Local attorney, judge help in controversial case

Published 11:36 pm Tuesday, October 7, 2008

The twisted saga of a citizen effort to remove four members of Gloucester County’s Board of Supervisors from office has drawn in two members of the local legal community.

Substitute Judge Westbrook J. Parker this week appointed John T. “Jack” Randall to serve in the place of the Gloucester Commonwealth’s Attorney in the civil removal proceedings.

Parker, a Franklin resident, is chief judge for Virginia’s Fifth Judicial Circuit, which includes the cities of Franklin and Suffolk and the counties of Isle of Wight and Southampton. Randall, who lives in Southampton County, is an attorney with the Suffolk law firm Stallings & Bischoff, P.C. Until this summer, he was an assistant prosecutor in Southampton under Commonwealth’s Attorney Eric Cooke.

Randall has been appointed to represent the interests of the commonwealth in the Gloucester court case, which he described as “a civil proceeding, but quasi-criminal.”
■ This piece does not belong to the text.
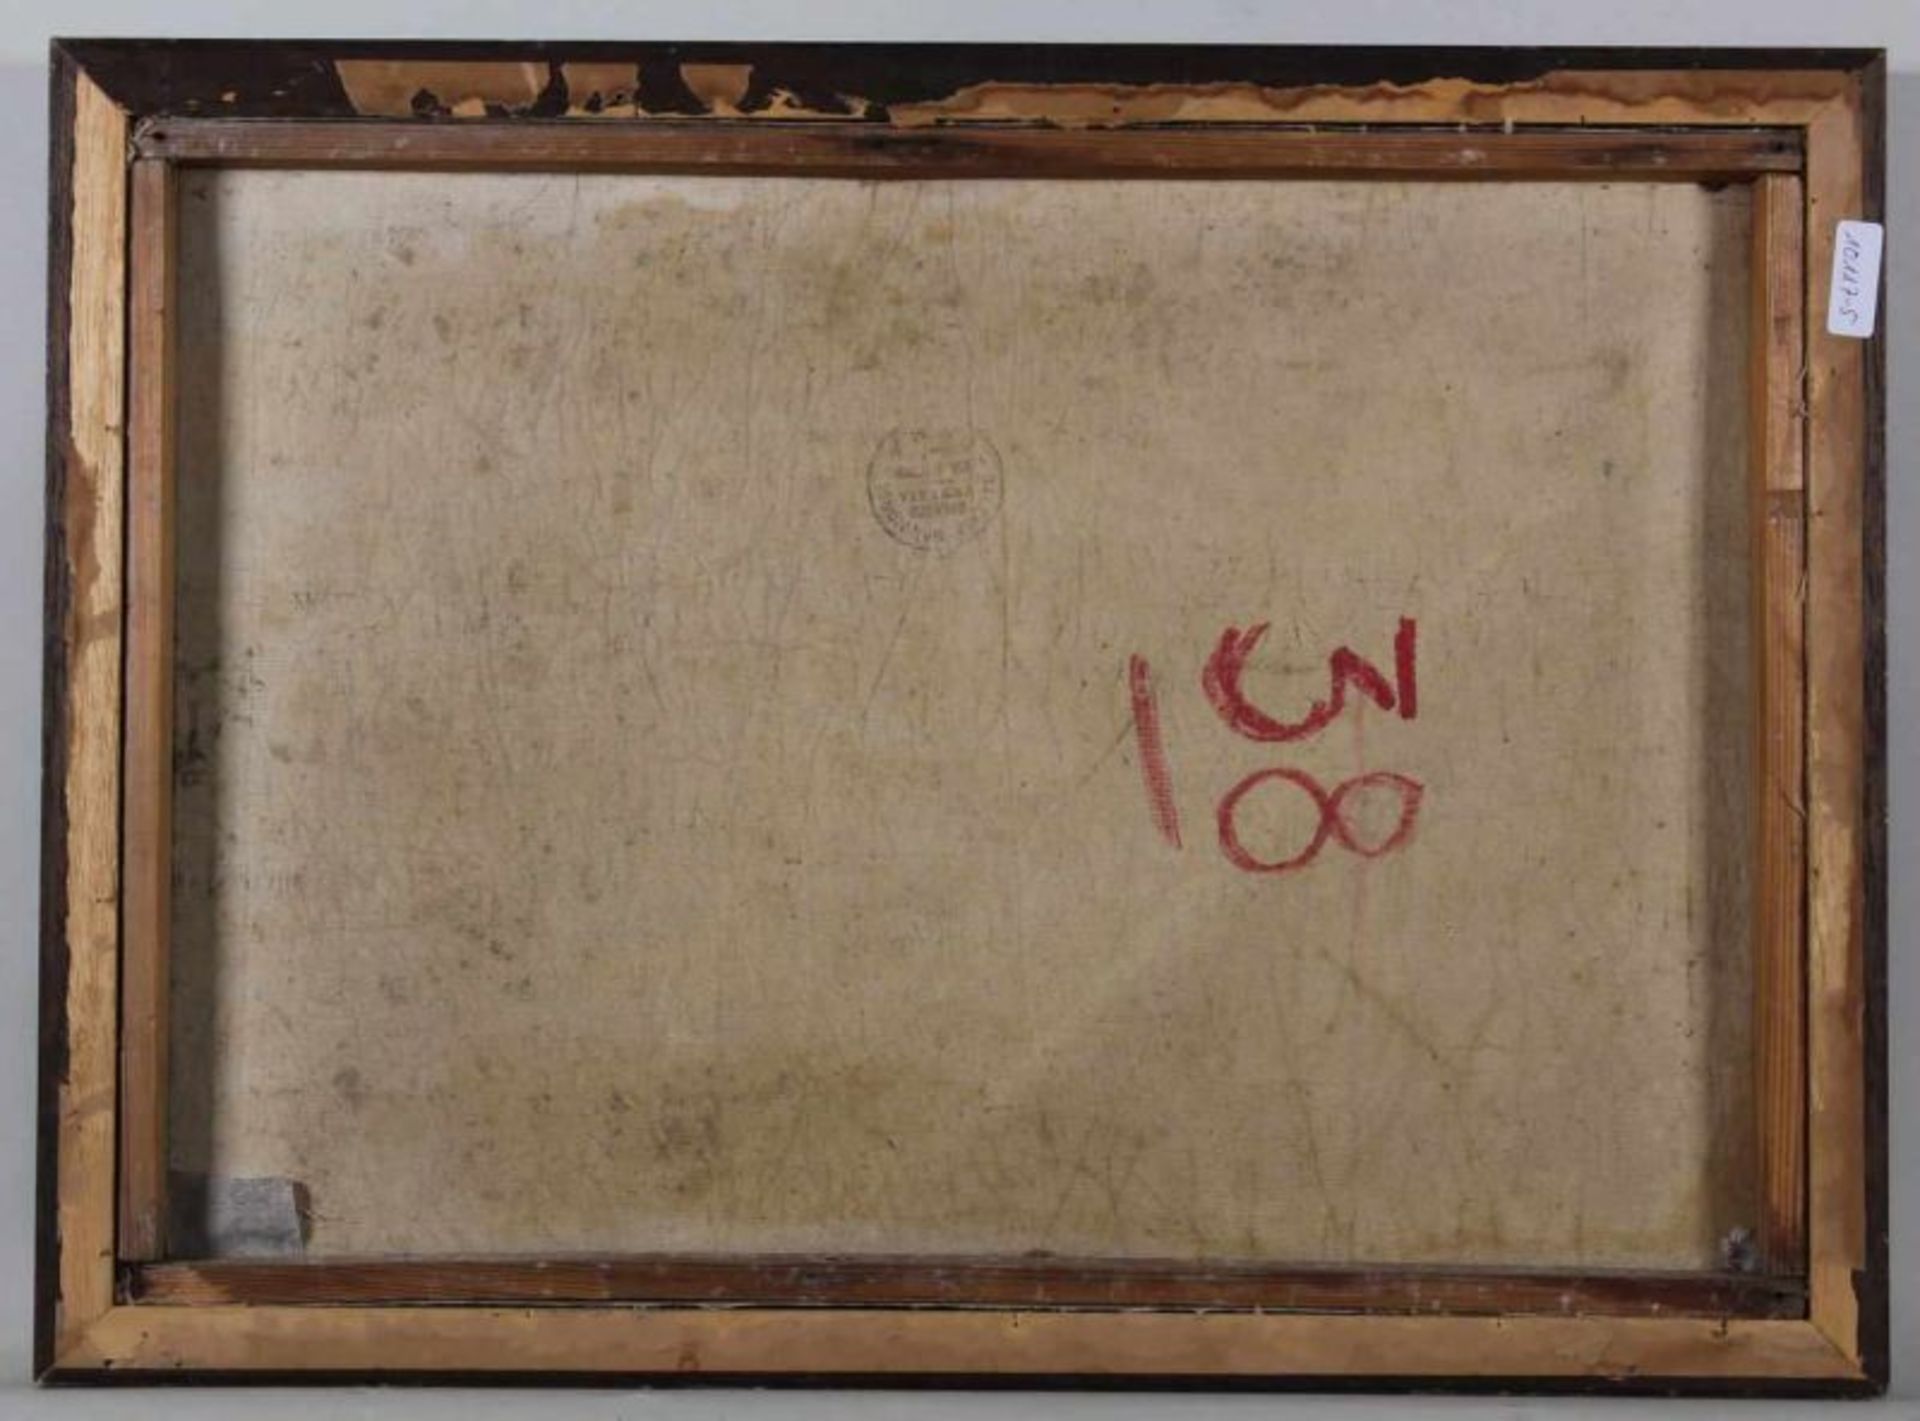 Contencin (tätig um 1920), "Wanderer in norditalienischer Landschaft", Öl auf Leinwand, signiert - Image 4 of 4

The case resulted from a petition drive led by Gloucester Citizens for Accountable Representation, which called on four supervisors to be removed from office for conducting public business in secret and for losing the confidence of their constituents.

All four also face misdemeanor criminal charges associated with allegedly illegal closed meetings and with unpopular and inscrutable personnel decisions made by the board.
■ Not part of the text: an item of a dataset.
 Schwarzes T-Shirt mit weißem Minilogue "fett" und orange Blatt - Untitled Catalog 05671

Randall replaces Gloucester Commonwealth’s Attorney Robert D. Hicks in the civil case, and a prosecutor from Virginia Beach has been named to work the criminal case.

“This is something that is rare,” Randall said Tuesday, explaining the need for both a special advocate and a special judge.
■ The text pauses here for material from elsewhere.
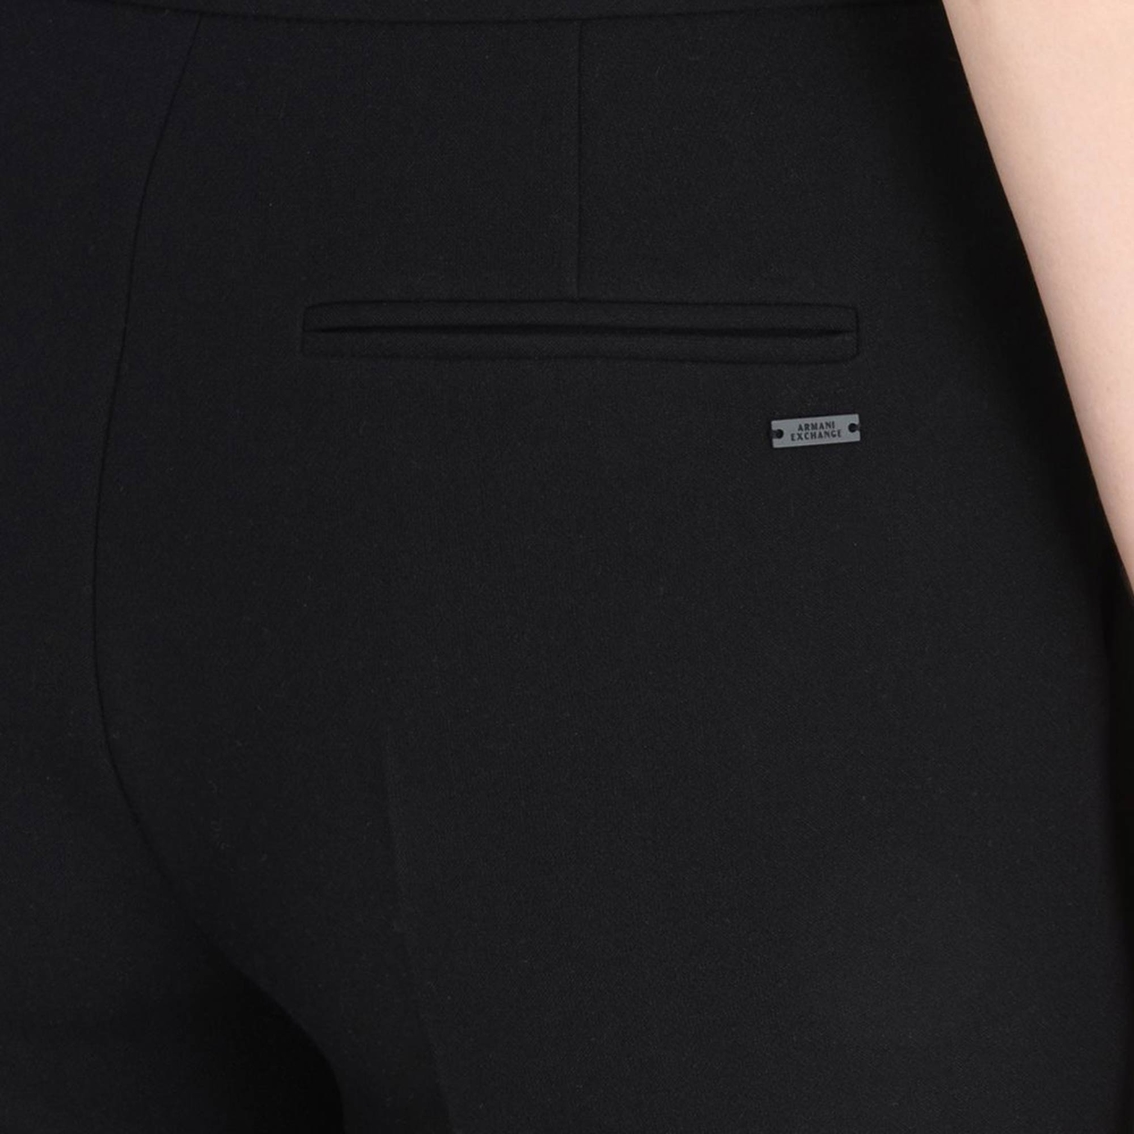 Armani Exchange Flat Front Slim Pants - Image 3 of 3
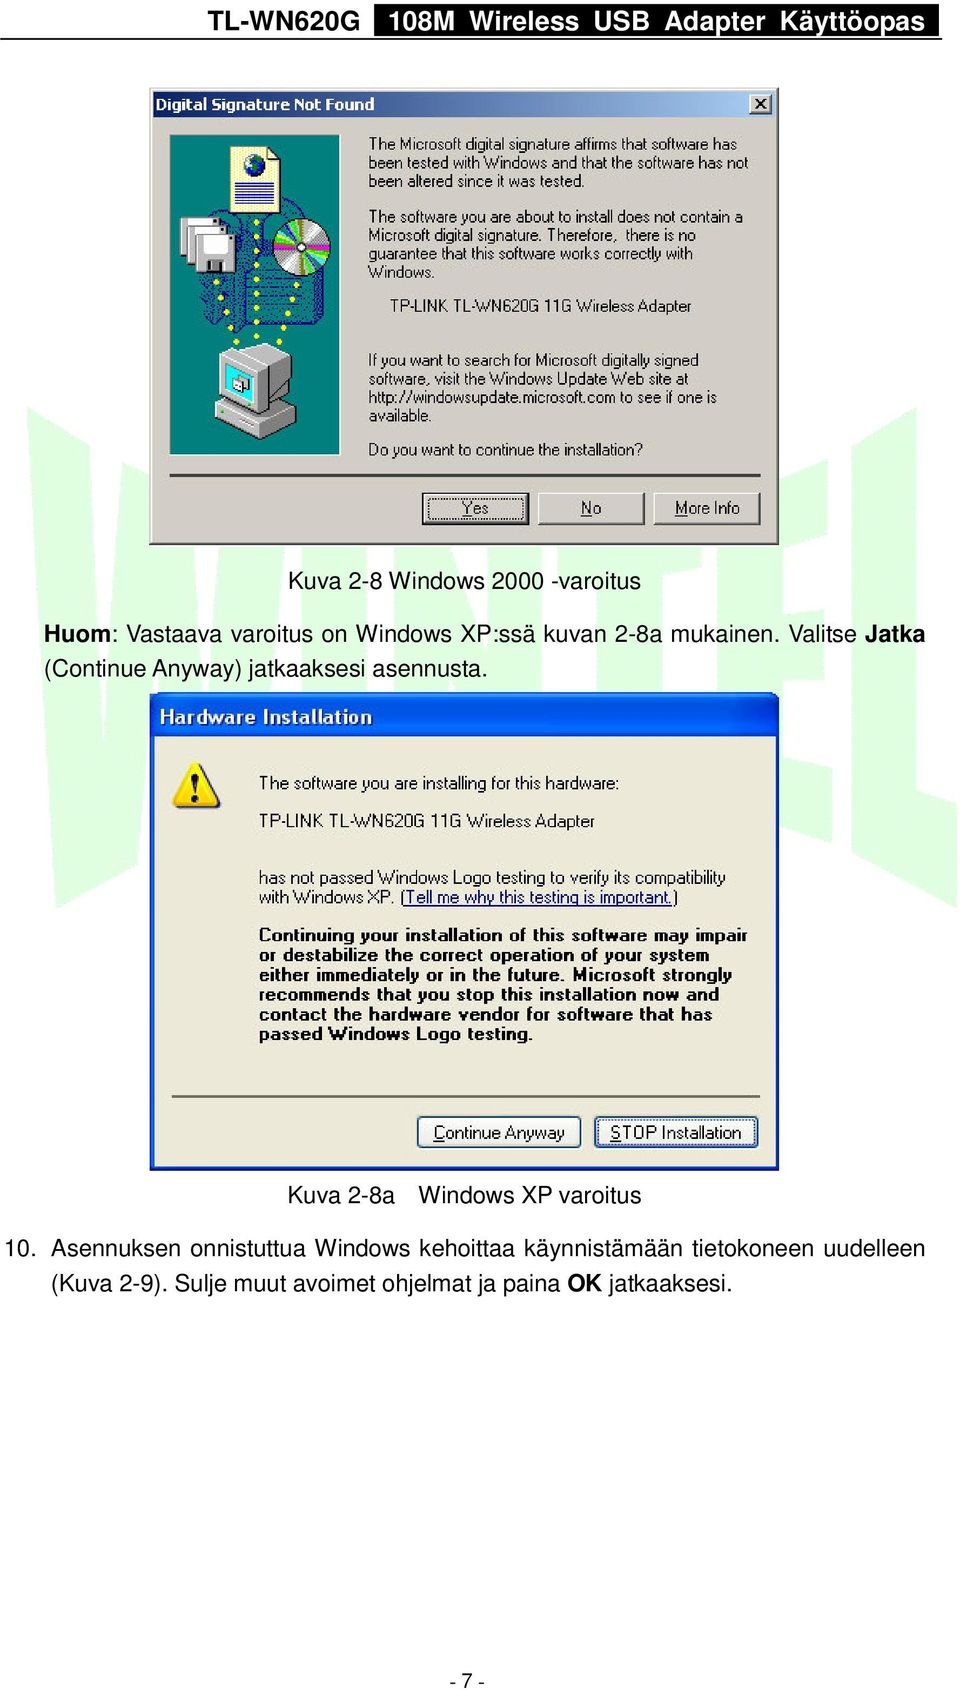 Kuva 2-8a Windows XP varoitus 10.

Randall said he already has spent about 10 hours on the case meeting with Gloucester officials and lawyers. He said he would first have to determine whether the petition filed by the Gloucester citizens was proper and, second, whether the things alleged in the petition are grounds for removal.

Coming into a politically charged situation as a “totally unbiased” outsider, he said, will allow him to offer impartial advice to the citizens’ group and to help assure that the interests of the commonwealth are sufficiently represented.

The citizens’ group presented petitions with 6,000 signatures in September. Since then, however, the supervisors have challenged the validity of the petitions, and they have asked the court to delay the civil trial until the criminal one is complete.

“There are a number of motions” before the court, Randall said.